Glue

BigData Workflow Engine for Hadoop, Hbase, Netezza, Pig, Hive, Cascalog ...

Glue Job execution

Who should use this?

Overview

Glue is a job execution engine, written in Java and Groovy. workflows are written in Groovy DSL (simple statements) and use pre-developed modules to interact with external resources e.g. DBs, Hadoop, Netezza, FTP etc.

Abstracting configuration from functionality

In Glue one of the main features and design goals is to always abstract configuration away from functionality. This means that no more hardcoded IPs, UserIDs and Passwords spread over 10s of hundreds of bash/python scripts.

Scripts written for one environment can be easily ported to another because the configuration is done outside of each workflow.

How is this done?

Each Module has a configuration section in the /opt/glue/conf/workflow_modules.grooy where data like hosts, ips, usernames etc are placed. This configuration is loaded and provided to the Module before starting each workflow.

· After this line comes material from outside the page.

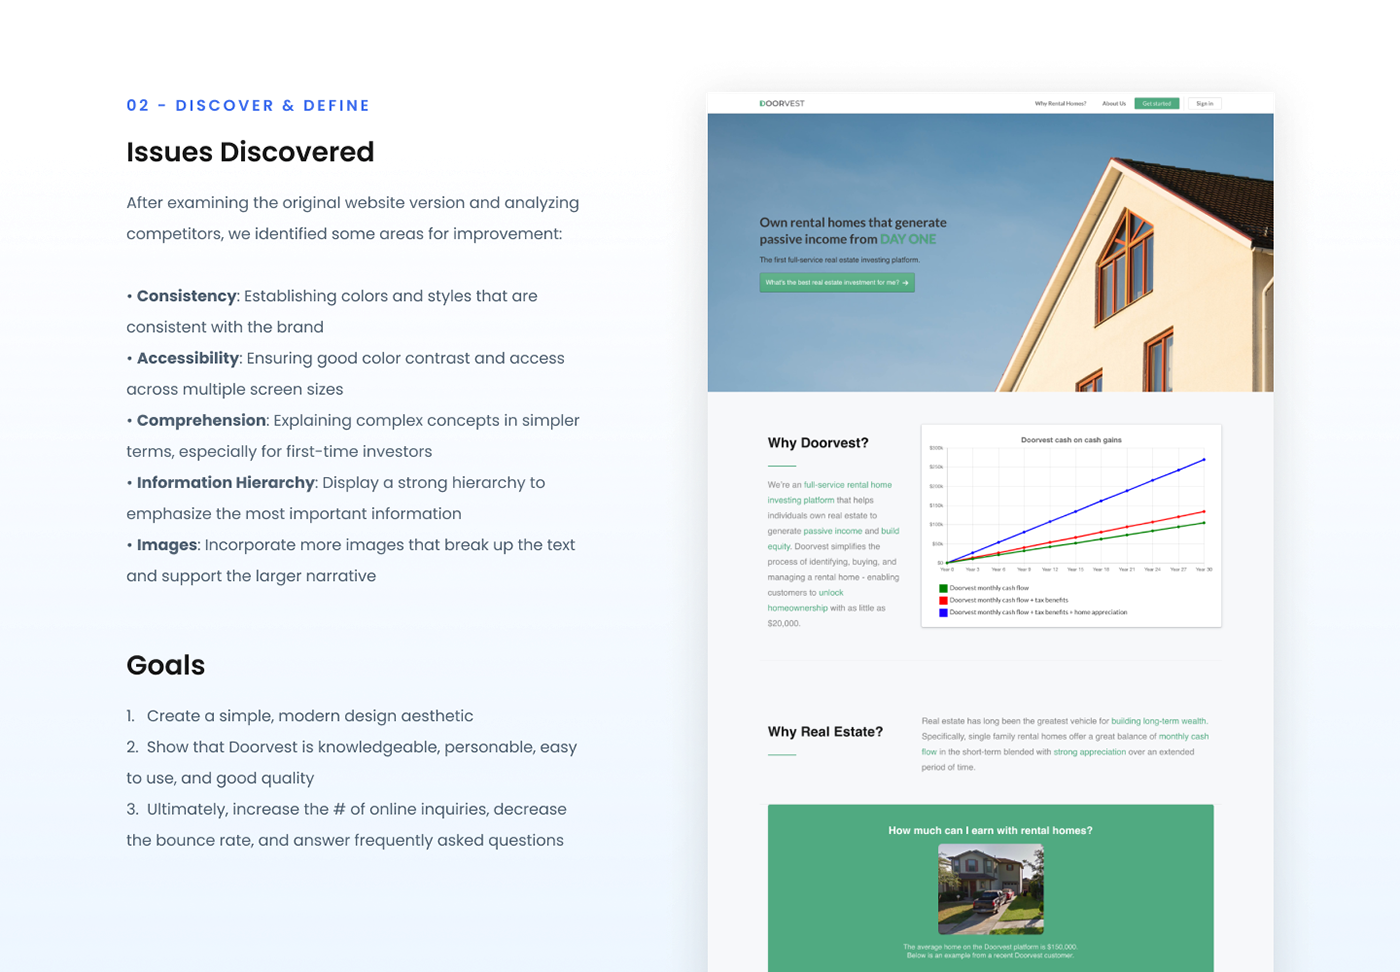 Screenshot of original landing page with areas for improvement and project goals

Configurations can be changed dynamically and are re-read before each workflow run, such that no restart is required.

Extending via Modules

Functionality can be added to an already running and installed Glue instance, via dynamically loaded modules.

A module abstracts away complex and repetitive interactions with external systems.

E.g.

Glue provides modules for the below systems:

MySQL (via JDBC any JDBC compliant DB) Netezza HDFS Pig Hive FTP and SFTP

These modules are called via the context in each workflow script:

E.g. to cat through each line in each file in an HDFS directory do:

context.hdfs.cat 'mydir', { line -> / do something with the text line / }